- Bhonpur Location in West Bengal, India Bhonpur Bhonpur (India)
- Coordinates: 23°08′23″N 88°12′24″E﻿ / ﻿23.1396468°N 88.2066305°E
- Country: India
- State: West Bengal
- District: Hooghly
- Elevation: 20 m (66 ft)

Population (2011)
- • Total: 1,572

Languages
- • Official: Bengali, English
- Time zone: UTC+5:30 (IST)
- PIN: 712134
- Telephone code: 03213
- ISO 3166 code: IN-WB

= Bhonpur =

Bhonpur is a village that are located near Boinchi in Hooghly district, West Bengal, India. It is under Pandua police station. Approximately it is 3 km apart from this region's main town Boinchi.

==Origin of the village name==
It is said that a rock came over the soil. Soil is said Bhnui(ভুঁই) in the local language. So the village is named Bhonpur.

==Education==
There are two primary schools and a higher secondary school. The name of the higher secondary school is Bhonpur Jajneswar Vidyapith (ESTD: 1953). The name of the primary schools are Bhonpur Primary School & Chetua Primary School. There is a B.Ed. College in the village named Binita Mohanta College of Education. It was established in 2013.

==Population==
Bhonpur is a large village with total 529 families residing. The Bhonpur village has population of 2410 of which 1195 are males while 1215 are females as per Population Census 2011.

In Bhonpur village, the population of children aged 0-6 is 235, which makes up 9.75% of total population. The average sex ratio of Bhonpur is 1017 which is higher than West Bengal state average of 950. The child sex ratio for the Bhonpur as per census is 1217, which is higher than the West Bengal average of 956.

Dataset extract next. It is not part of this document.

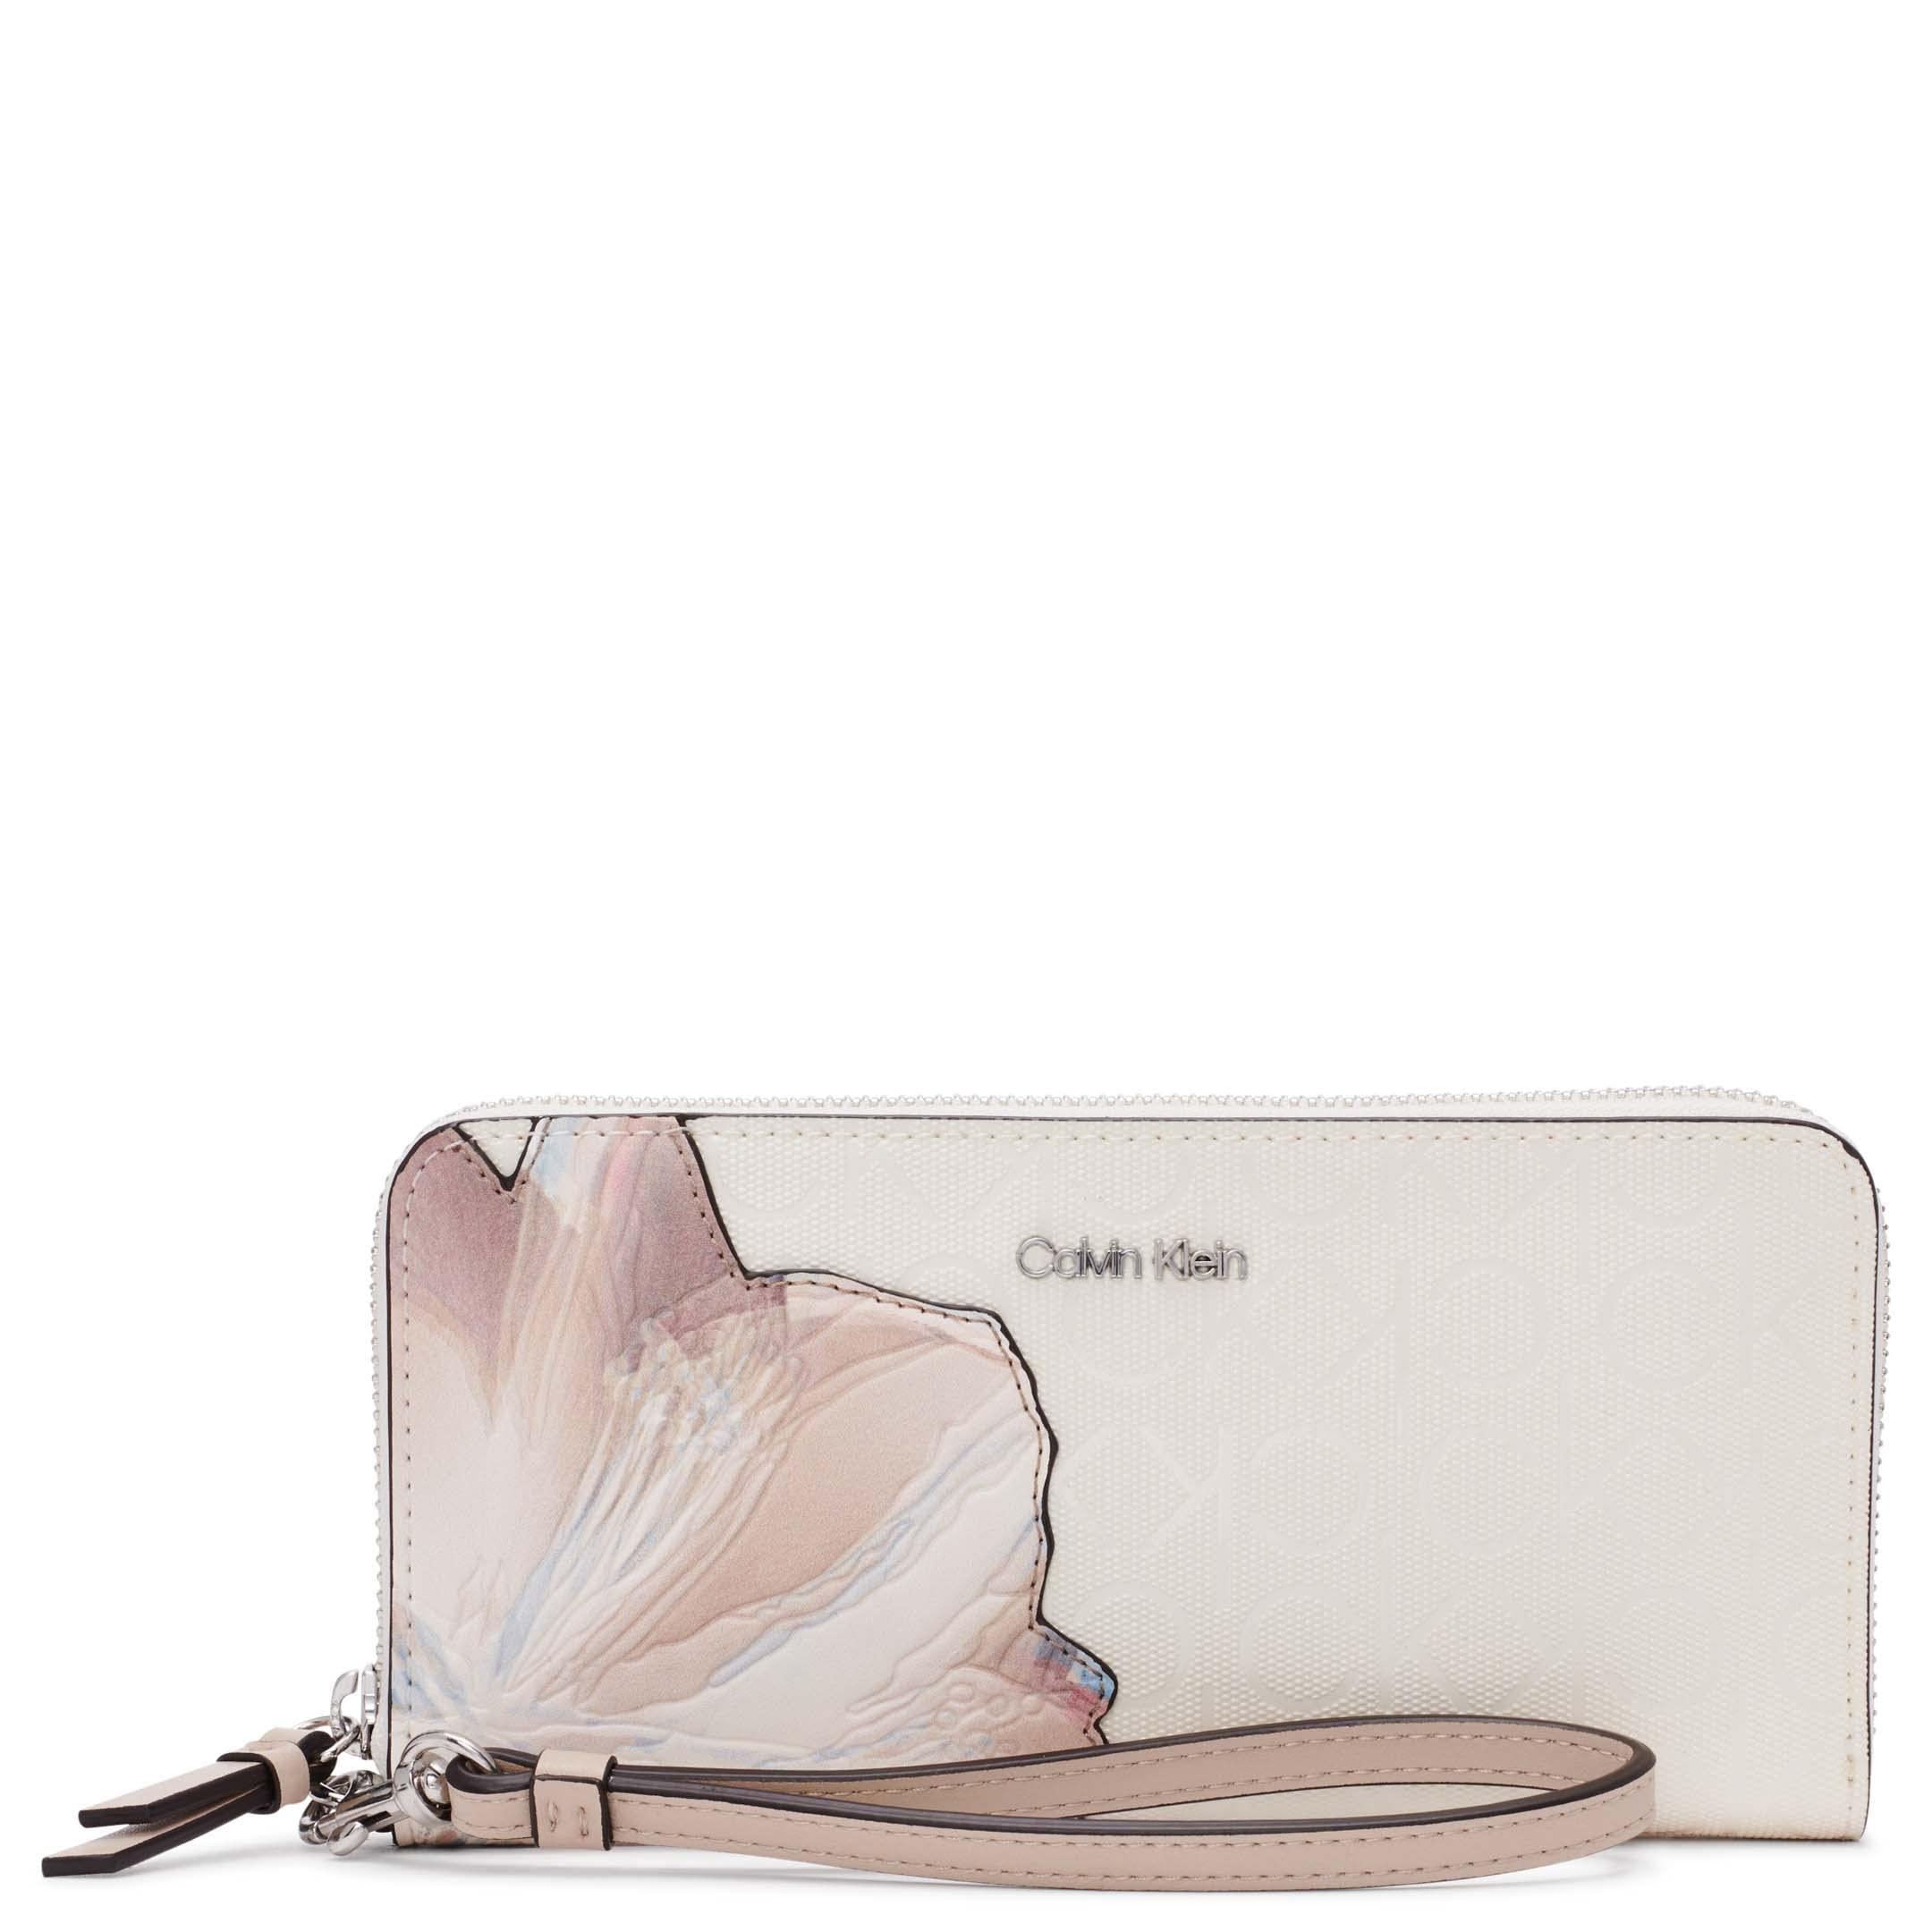 viering Ecologie winnen Calvin Klein Key Item Saffiano Continental Zip Around Wallet With Wristlet  Strap in Pink | Lyst

Bhonpur village has lower literacy rate compared to West Bengal. In 2011, literacy rate of Bhonpur village was 67.77% compared to 76.26% of West Bengal. In Bhonpur male literacy stands at 78.15% while the female literacy rate was 57.37%.

===Caste factor===
In Bhonpur village, most of the villagers are from Schedule Caste (SC). Schedule Caste (SC) constitutes 51.00% while Schedule Tribe (ST) were 21.12% of total population in Bhonpur village.

===Work Profile===
In Bhonpur village out of total population, 1147 were engaged in work activities. 36.79% of workers describe their work as Main Work (Employment or Earning more than 6 Months) while 63.21% were involved in Marginal activity providing livelihood for less than 6 months. Of 1147 workers engaged in Main Work, 80 were cultivators (owner or co-owner) while 199 were Agricultural labourer.

==Transport==
Boinchi is the nearest railway station of Bhonpur. Boinchi-Kalna road ( STATE HIGHWAY NO 11 ) passed through edge of this village.

==Festivals==
Durga Puja, Lakshmi Puja, Sarswati Puja is the main festivals here. Moreover, a local festival named Padmabati Jhanpan also occurs.

==Economy==
Most of the villagers are cultivators. There is a rice mill in the village. Its name is Malati Rice Mill. It is established in 2013.